- **Information provided**:
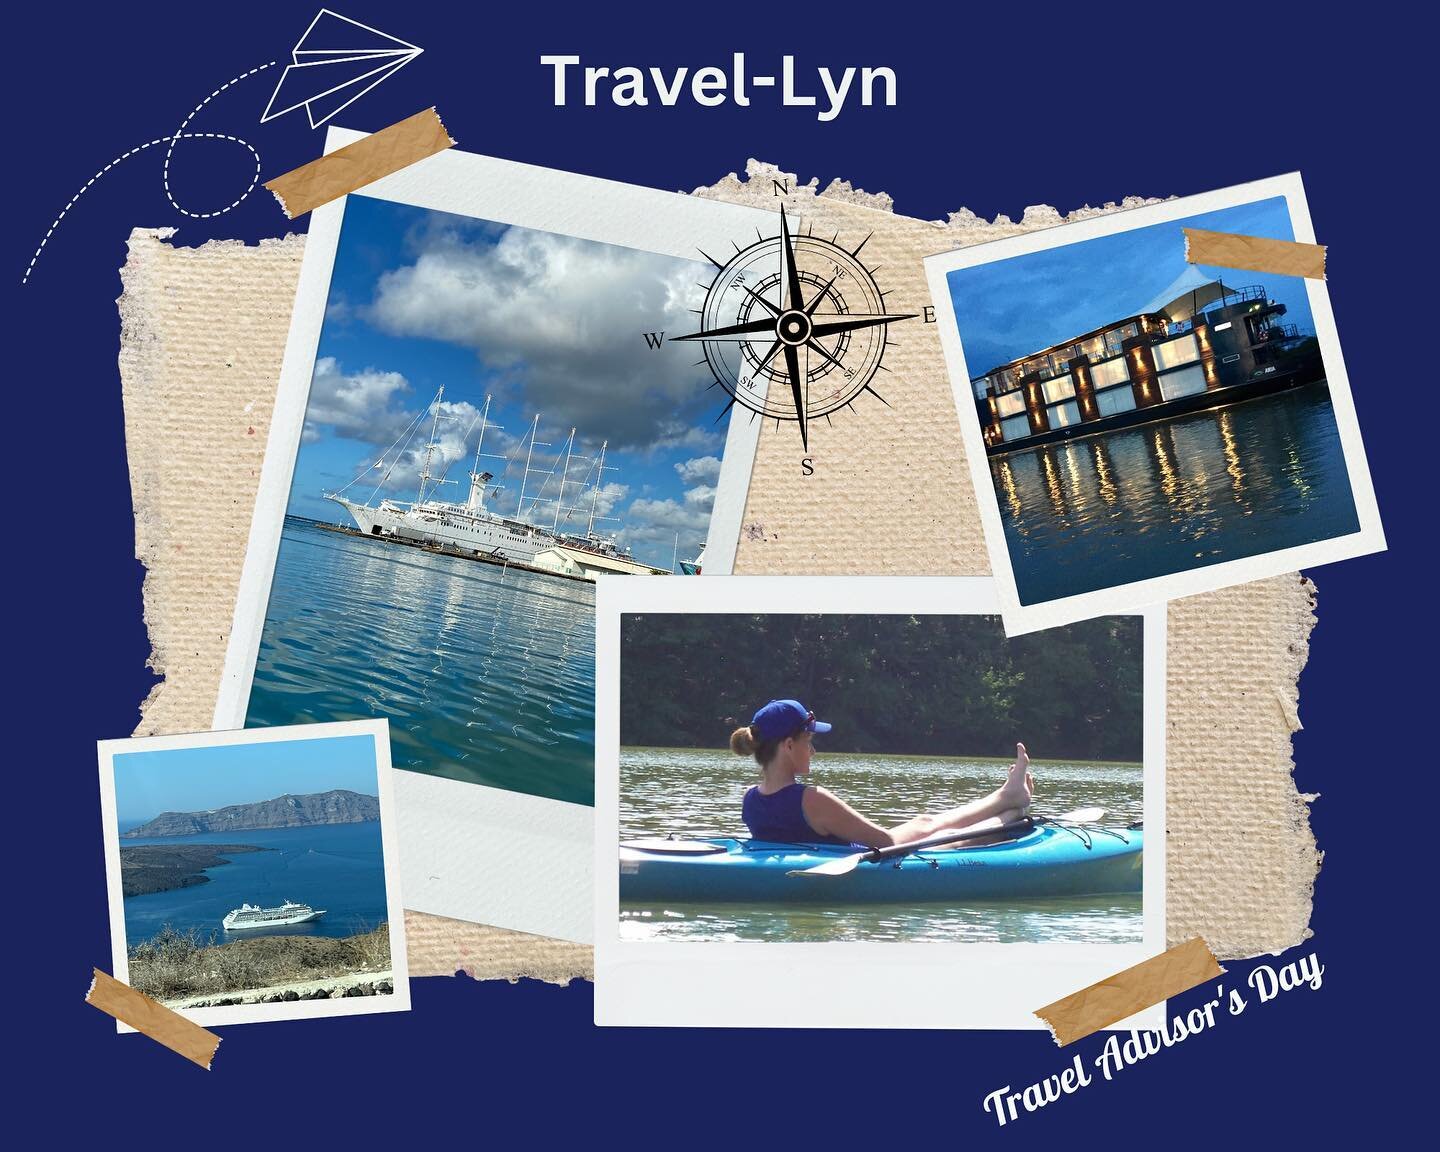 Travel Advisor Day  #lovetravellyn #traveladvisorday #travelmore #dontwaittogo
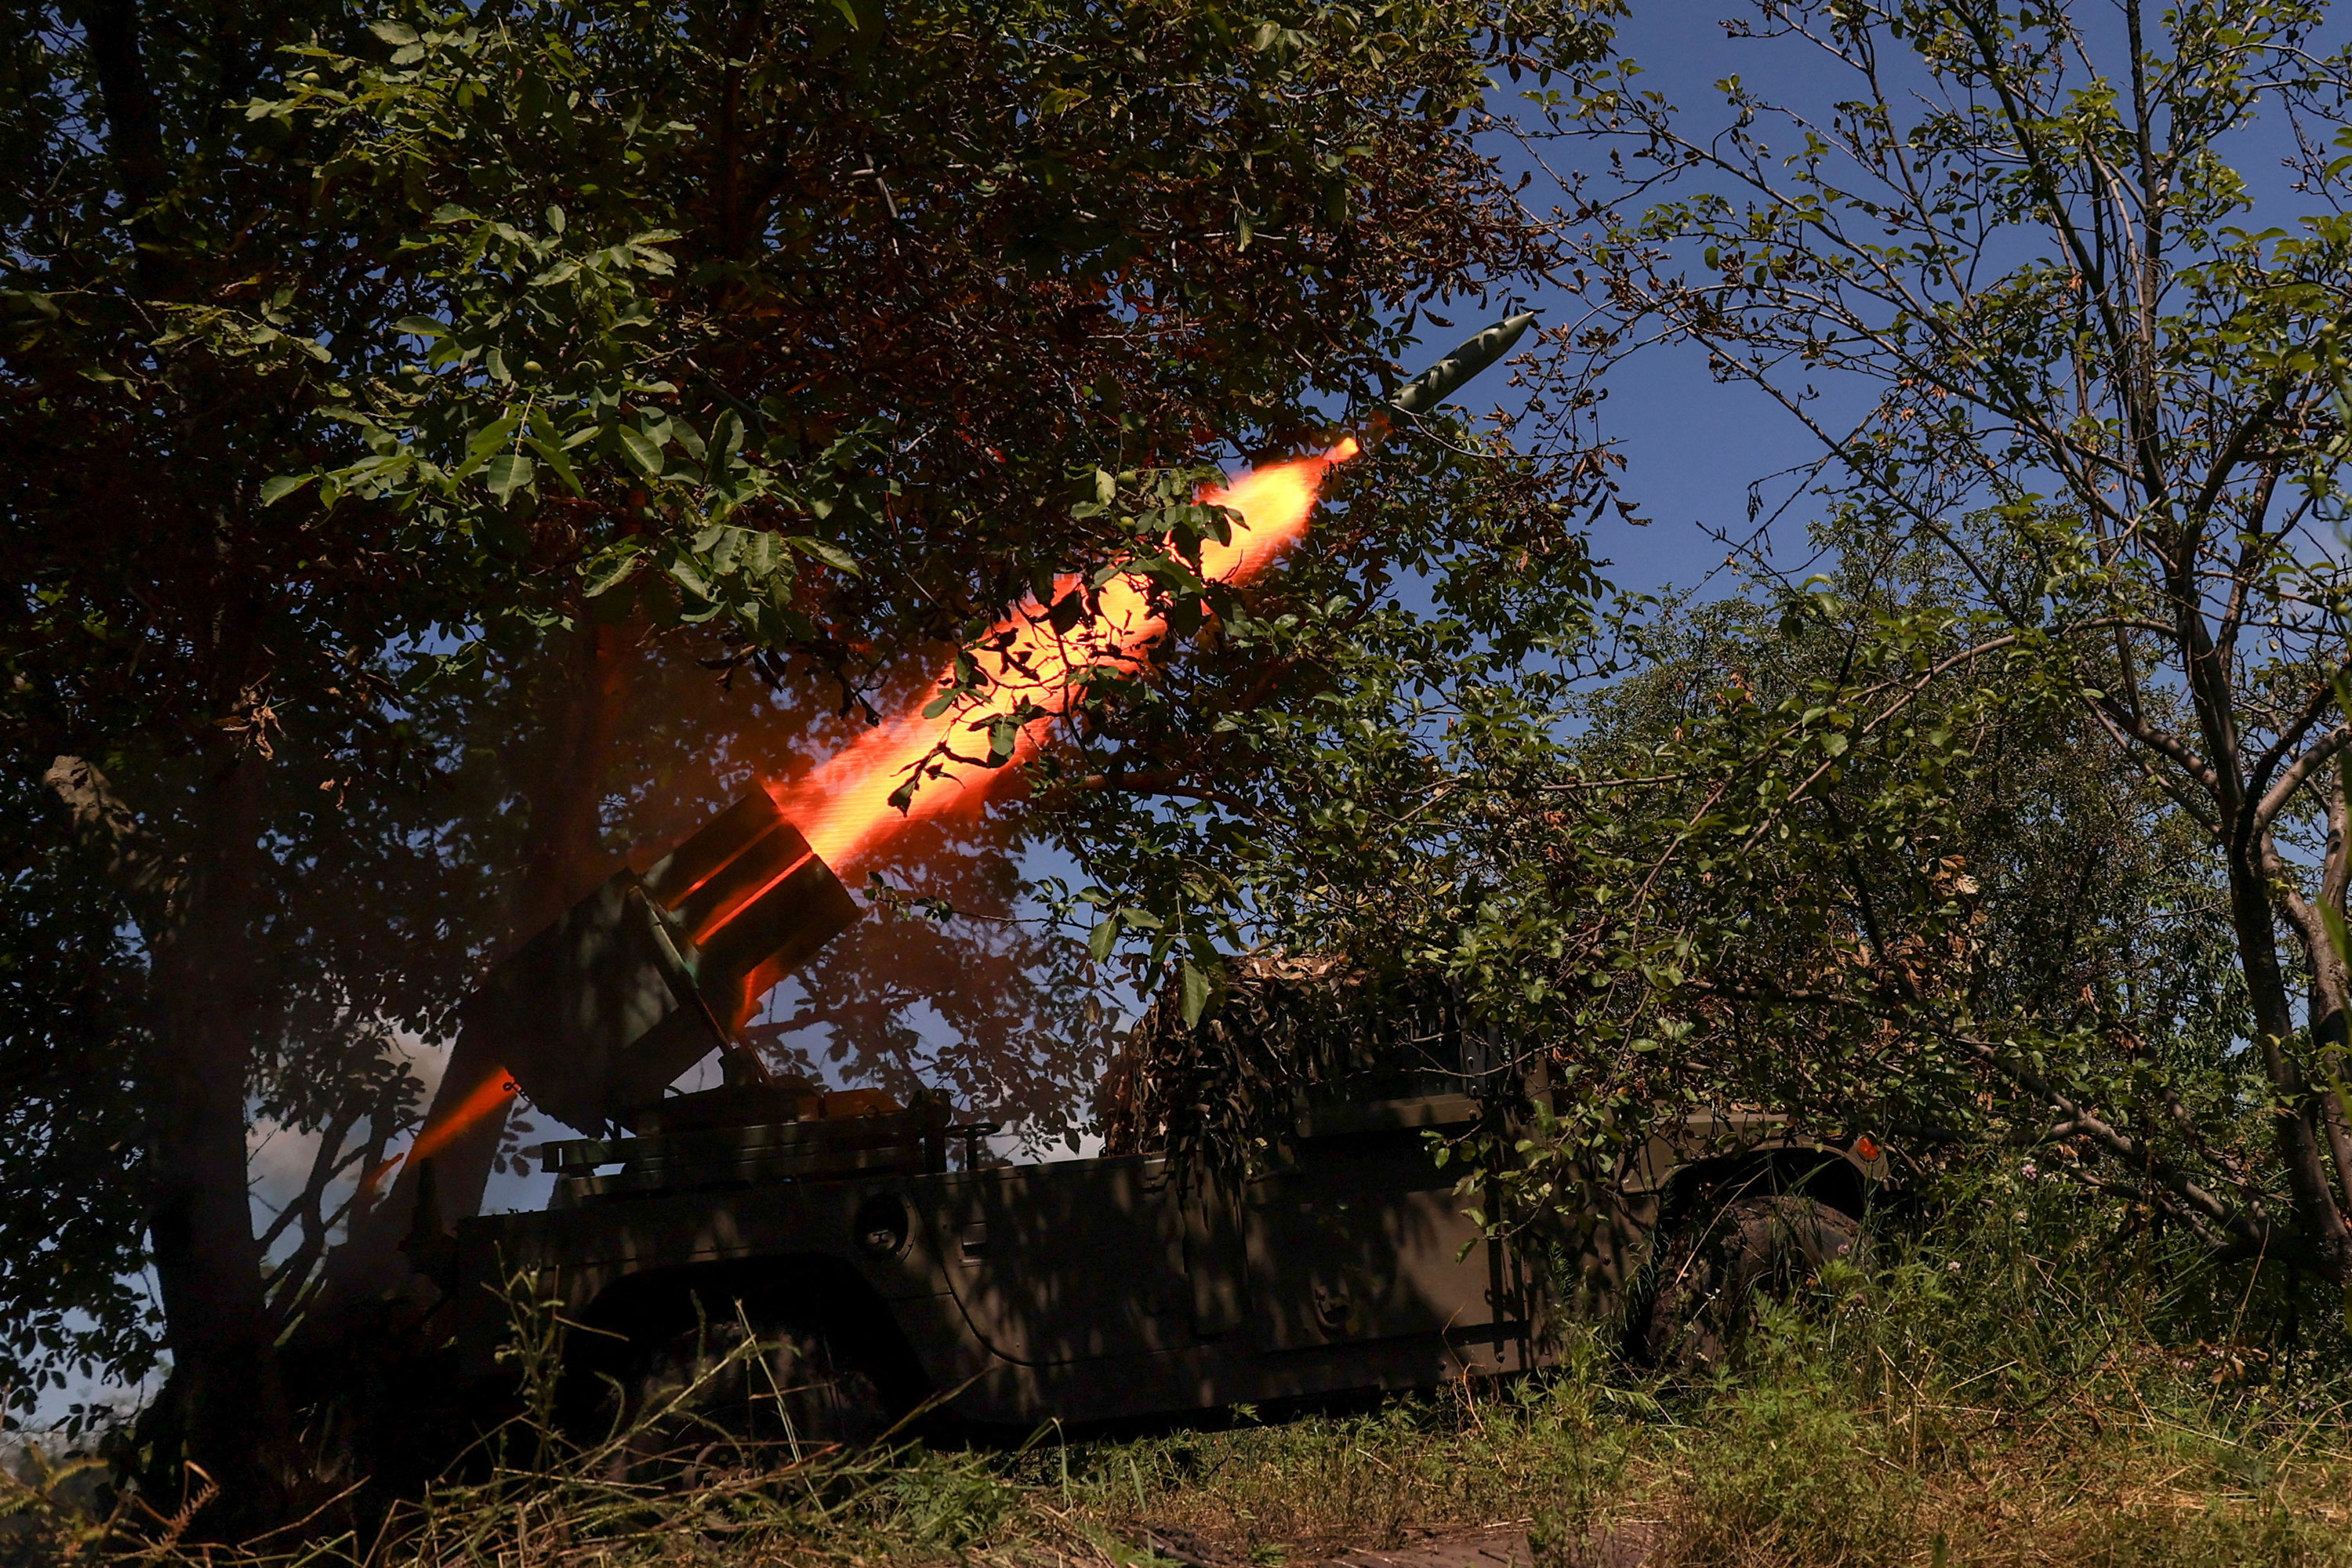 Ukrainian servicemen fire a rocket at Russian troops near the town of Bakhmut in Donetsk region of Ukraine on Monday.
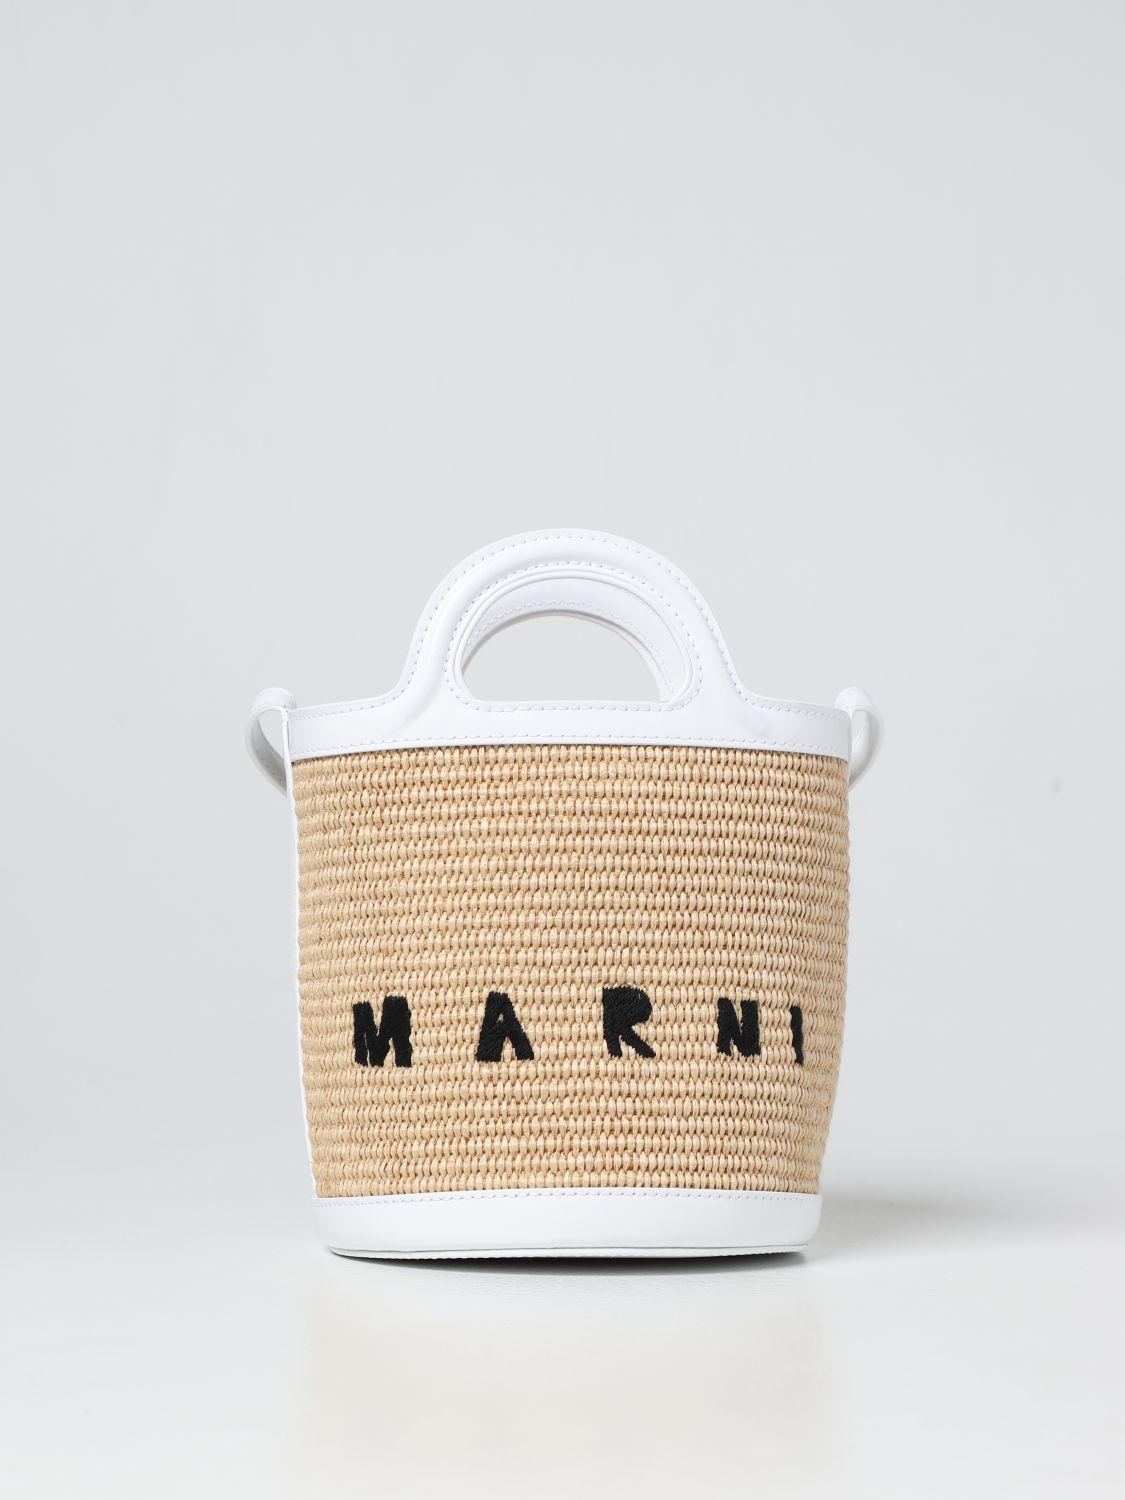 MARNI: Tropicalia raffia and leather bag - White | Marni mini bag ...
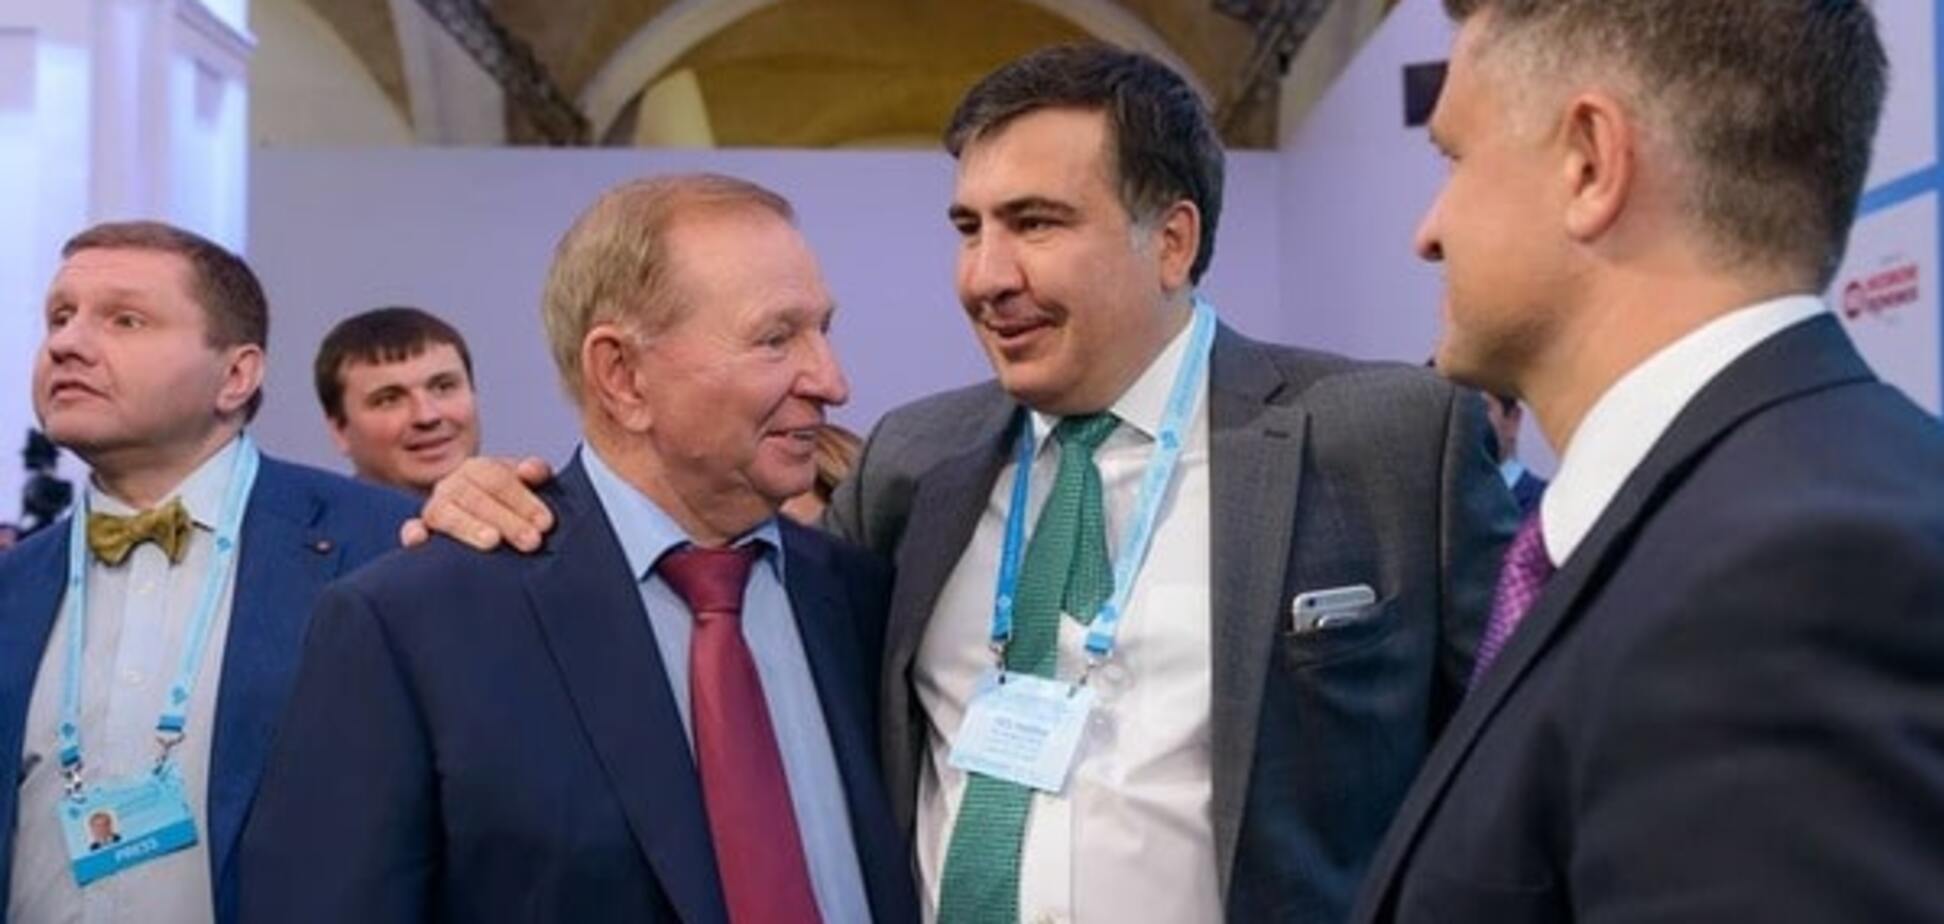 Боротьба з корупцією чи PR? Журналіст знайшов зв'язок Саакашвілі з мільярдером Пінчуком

- **Work to be completed**: Hand back exactly the lines from the one with "MARNI: Tropicalia raffia" through the last line of the data above, both ends included, with every picture left out.

- **Exercise response**:
 MARNI: Tropicalia raffia and leather bag - White | Marni mini bag ...
 Боротьба з корупцією чи PR? Журналіст знайшов зв'язок Саакашвілі з мільярдером Пінчуком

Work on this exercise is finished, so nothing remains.